Le cinq-épices et le treize-épices sont souvent confondus en cuisine chinoise, alors qu’ils ne jouent pas le même rôle. Beaucoup utilisent l’un à la place de l’autre sans comprendre les différences de composition et d’intensité.
Réponse rapide (TL;DR)
- Le cinq-épices repose sur un équilibre aromatique simple et identifiable.
- Le treize-épices est plus complexe, plus herbacé et plus puissant.
- Le cinq-épices est dominé par l’anis et la cannelle.
- Le treize-épices contient davantage d’épices secondaires.
- Certains plats acceptent les deux, d’autres non.
- Le treize-épices supporte mieux les cuissons longues.
- Un mauvais remplacement déséquilibre rapidement un plat.
Comparatif
| Mélange | Nombre d’épices | Profil aromatique | Usages typiques |
|---|---|---|---|
| Cinq-épices | 5 | Anisé, chaud, légèrement sucré | Porc, canard, tofu |
| Treize-épices | 13 | Complexe, herbacé, plus sec | Braisés, bouillons, viandes mijotées |
| Quatre-épices | 4 | Doux, rond | Charcuterie |
| Garam masala | 8–12 | Toasté, épicé | Cuisine indienne |
La méthode BonChoi pour faire le bon choix
- Identifier l’objectif du plat : parfum principal ou complexité de fond.

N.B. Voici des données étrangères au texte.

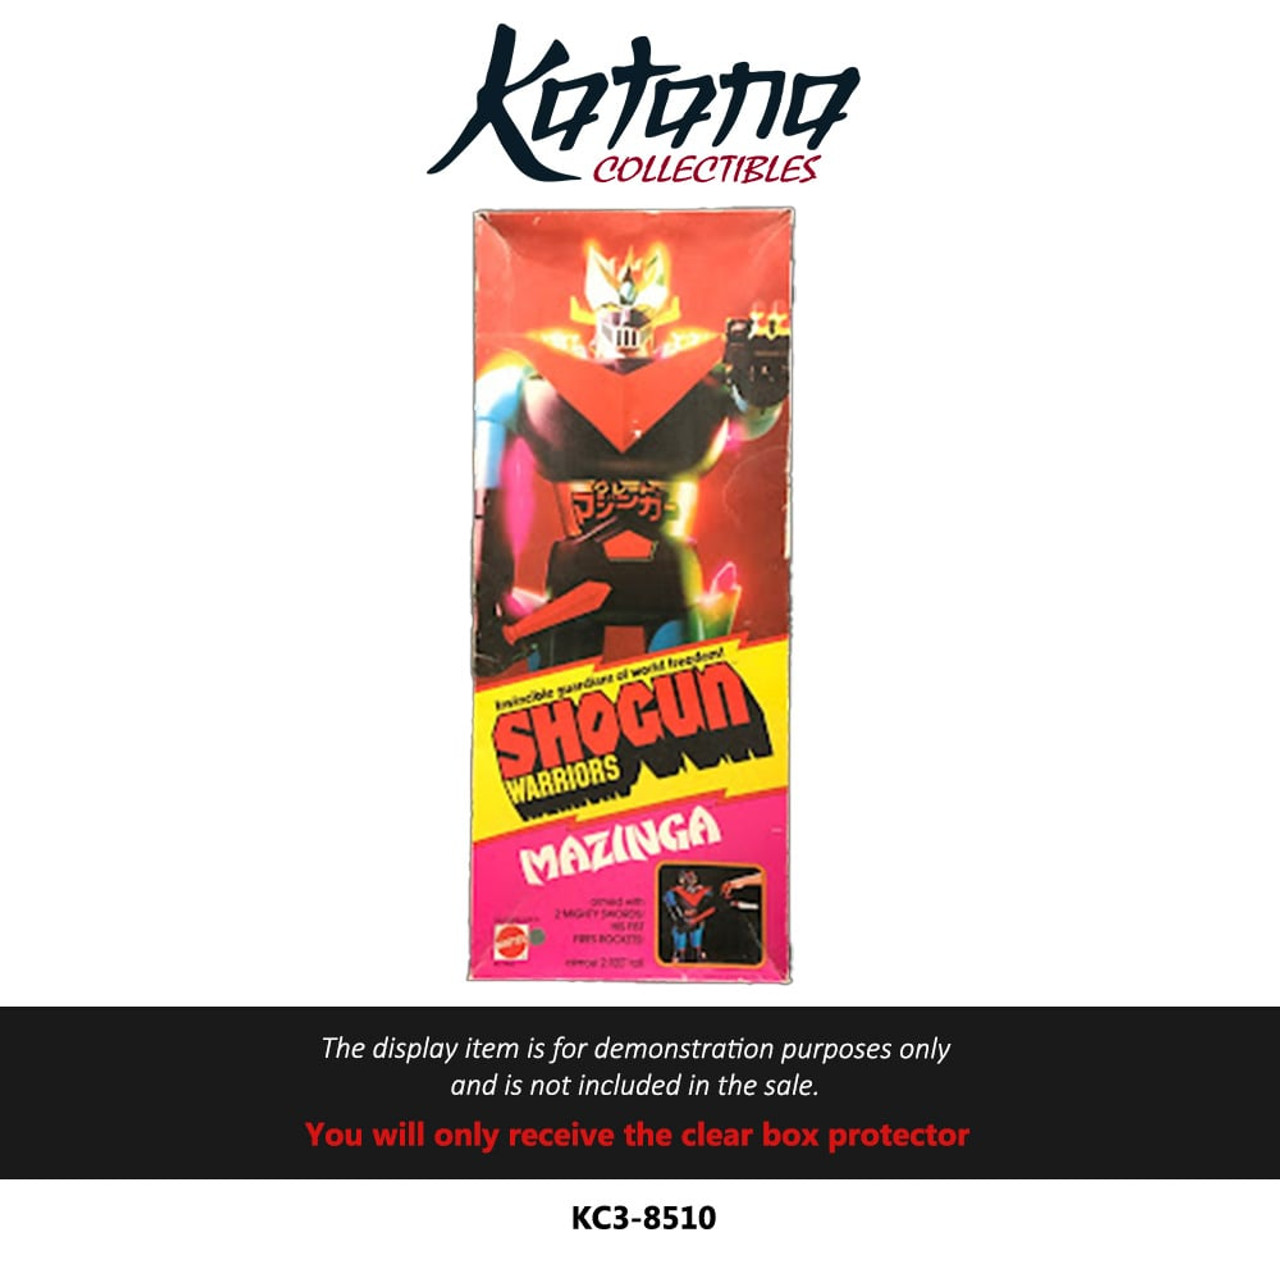 Katana Collectibles Protector For 1977 Shogun Warriors Mazinga

- Lire la composition exacte sur l’emballage.
- Adapter le mélange à la durée de cuisson.
- Toujours réduire la dose lors d’un remplacement.
Comment choisir selon l’usage
Pour les viandes rôties
Conclusion : le cinq-épices est généralement plus adapté.
Son parfum net résiste bien à la chaleur. En magasin, je vois souvent des clients déçus par le treize-épices, jugé trop brouillon en rôtisserie.
Pour les plats braisés
Conclusion : le treize-épices donne plus de profondeur.
Il contient souvent des notes de réglisse, gingembre, galanga ou cumin qui s’expriment avec le temps.
Pour les bouillons et fonds
Conclusion : le treize-épices est préférable.
Il agit comme une base aromatique. Attention si le bouillon est clair : filtrer après infusion.
Pour les plats rapides
Conclusion : le cinq-épices est plus sûr.
Une confusion fréquente est d’ajouter du treize-épices en fin de cuisson, ce qui laisse un goût sec et dominant.
Erreurs fréquentes
- Remplacer à dose égale.
- Ignorer la liste réelle des ingrédients.
- Utiliser le treize-épices à cru.
- Confondre complexité et intensité.
- Penser que plus il y a d’épices, meilleur est le goût.
Note terrain : au comptoir, les plats jugés « trop forts » viennent presque toujours d’un excès de treize-épices ajouté trop tôt. La solution est de l’utiliser en infusion, puis de retirer les épices.
FAQ
Quelles épices supplémentaires contient le treize-épices ?
On y trouve souvent gingembre, galanga, cumin, cardamome noire, réglisse ou écorce de mandarine séchée.
Le treize-épices remplace-t-il le cinq-épices ?
Non. Il modifie fortement le profil aromatique.
Peut-on les mélanger ?
Oui, mais uniquement à très faible dose et pour des cuissons longues.
Lequel est le plus fort ?
Le treize-épices est généralement plus complexe et plus persistant.
Conviennent-ils aux plats végétariens ?
Oui, surtout dans les plats braisés de tofu ou légumes.
Comment les conserver ?
À l’abri de la lumière et de l’humidité, idéalement moins d’un an.
Transparence
Article rédigé en 2026 à partir d’observations en magasin et d’usages culinaires courants. Aucun partenariat commercial.
Conclusion
Le cinq-épices et le treize-épices répondent à des logiques différentes. Comprendre leur composition permet d’éviter les erreurs de goût. Le bon choix dépend toujours du plat et de la cuisson.